Thayer was always one of the first people to arrive, in order to do so anonymously. He took off his coat and was about to hand it to the coat-check man when he saw that Billy Litchfield had come up behind him. The sight of Billy filled Thayer with bile. Billy, Thayer had decided, was what could happen to a person who stayed too long in New York. What was his point? He appeared to do nothing but go to parties. He was a hanger-on to the rich and privileged. Didn’t he get bored? Thayer had been going to parties for only two years, and already he was bored out of his mind. If he wasn’t careful, time would pass, and he would end up like Billy Litchfield.
And now Billy had seen his coat.
“Hello, young man,” Billy said pleasantly.
“Hello,” Thayer muttered. No doubt Billy Litchfield couldn’t remember his name. He held out his hand aggressively, forcing Billy to take it. “I’m Thayer Core,” he said. “From Snarker?”
“I know exactly who you are,” Billy replied.
“Good,” Thayer said. Giving Billy a backward glance, he bounded up the steps ahead of him, if only to remind himself—and Billy—of his youth and energy. Then he took up his usual position at the bar, where he could observe and overhear and largely be ignored until lunch.

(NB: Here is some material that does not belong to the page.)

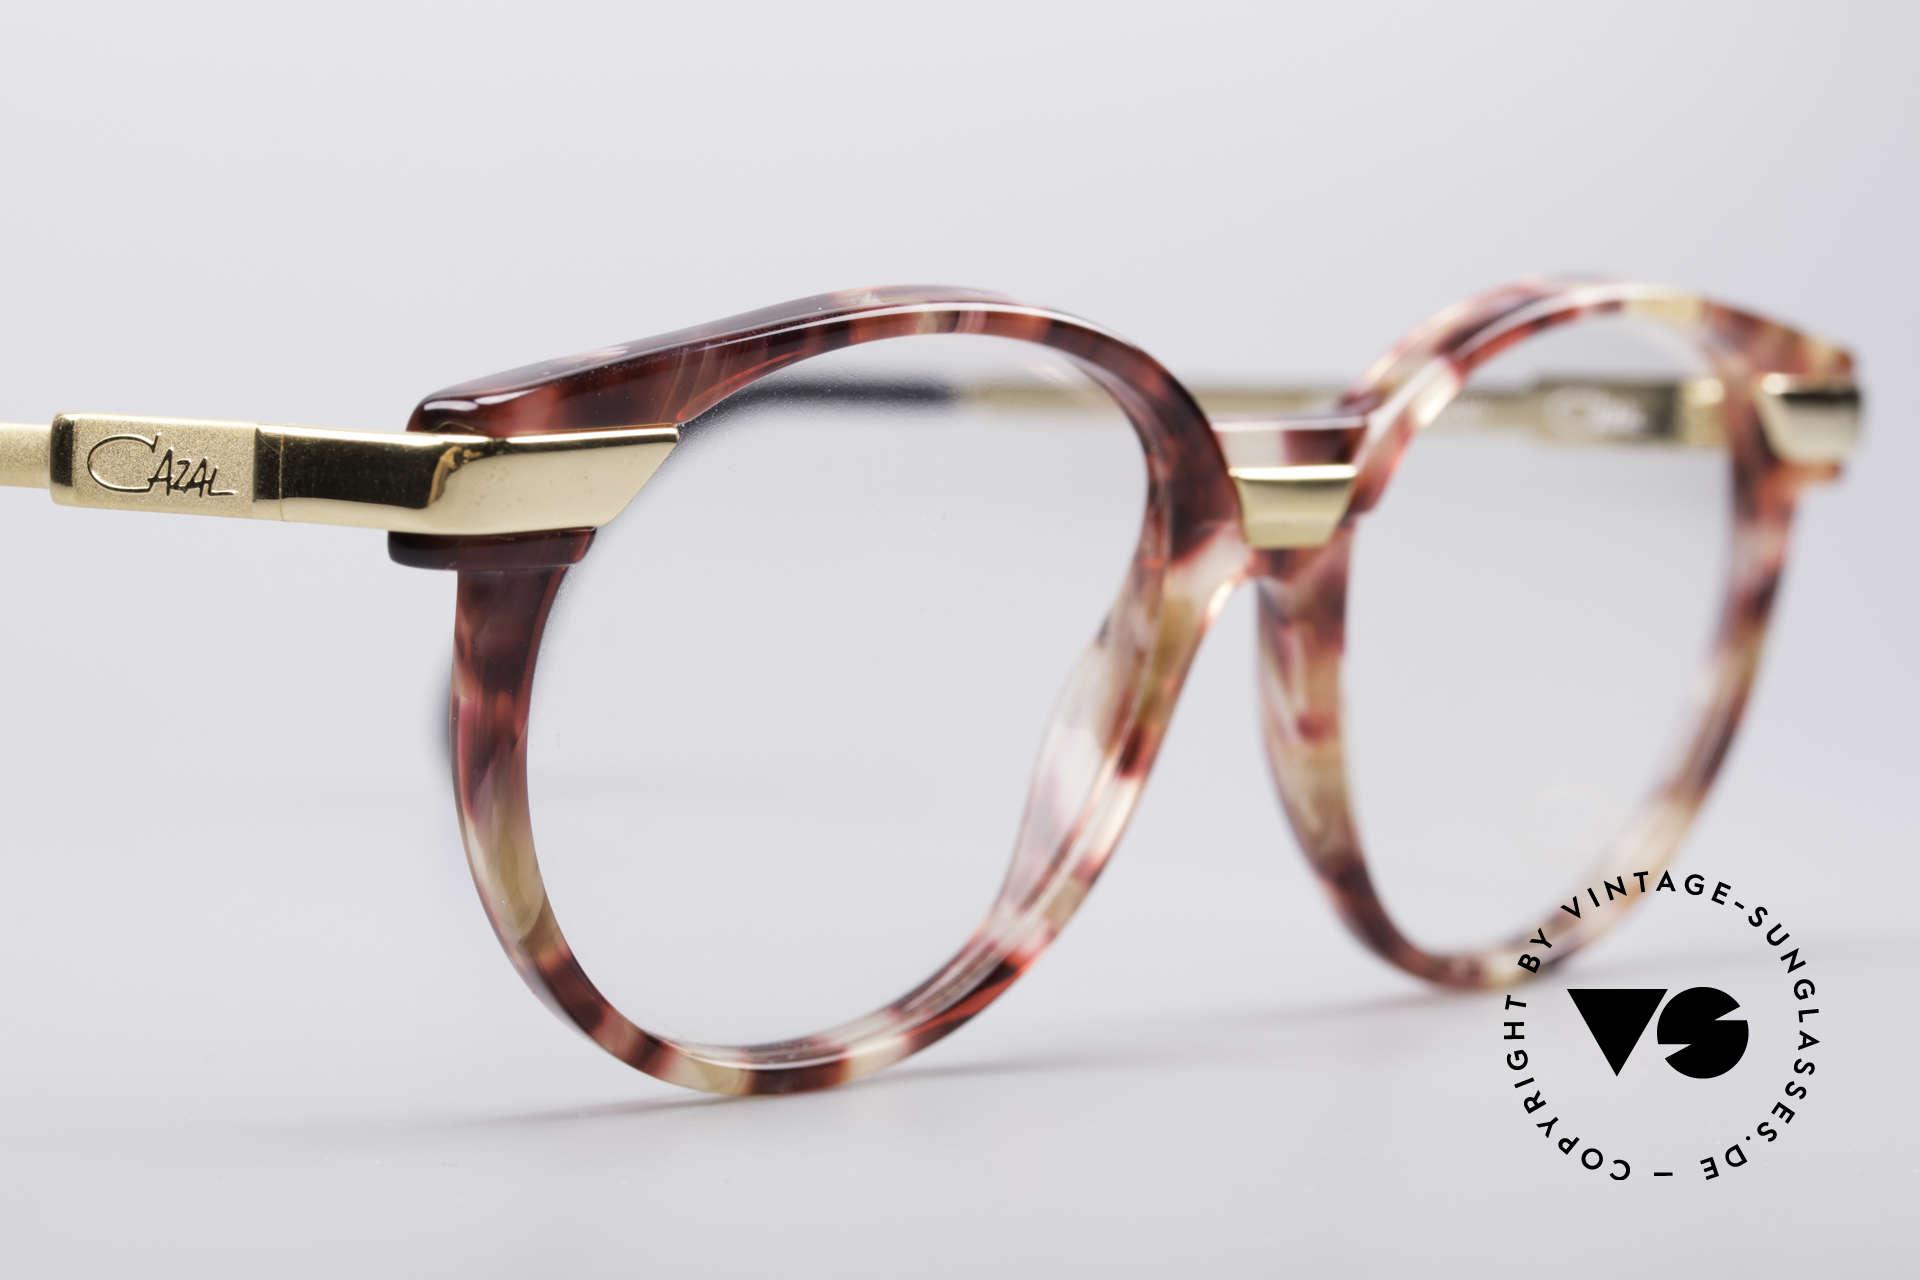 Cazal 338 Kleine Runde Vintage Brille, KEINE Retrobrille; sondern ein 25 Jahre altes Unikat, Passend für Herren und Damen

Billy handed his overcoat to the coat-check man, wishing he could have avoided shaking the hand of Thayer Core. Why was he here? Billy wondered. Thayer Core was a blogger on one of those vicious new websites that had popped up in the last few years, displaying a hatred and vitriol that was unprecedented in civilized New York. The things the bloggers wrote made no sense to him. The readers’ comments made no sense to him. None of it appeared to be written by humans, at least not humans as he knew them. This was the problem with the Internet: The more the world opened up, the more unpleasant people seemed to be.
It was one of the reasons he’d begun taking the pills. Good old-fashioned Prozac. “Been around for twenty-five years. Babies take it,” the shrink said. “You’ve got anhedonia. Lack of pleasure in anything.”
“It’s not a lack of pleasure,” Billy protested. “It’s more a horror of the world.”
The doctor’s office was located on Eleventh Street in a two-bedroom town house apartment. “We’ve met before,” the doctor said the first time Billy walked in.
“Have we?” Billy said. He was so hoping this wouldn’t be true, that he and his psychiatrist would have no acquaintances in common.
“You know my mother.”
“Do I?” Billy said, trying to put him off. But there was a degree of comfort in the information.
“Cee Cee Lightfoot,” the doctor said.
“Ah. Cee Cee,” Billy said. He knew Cee Cee well. The muse to a famous fashion designer who had died of AIDS back in the days when fashion designers had muses. How he missed those times, he thought. “What happened to your mother?” he asked.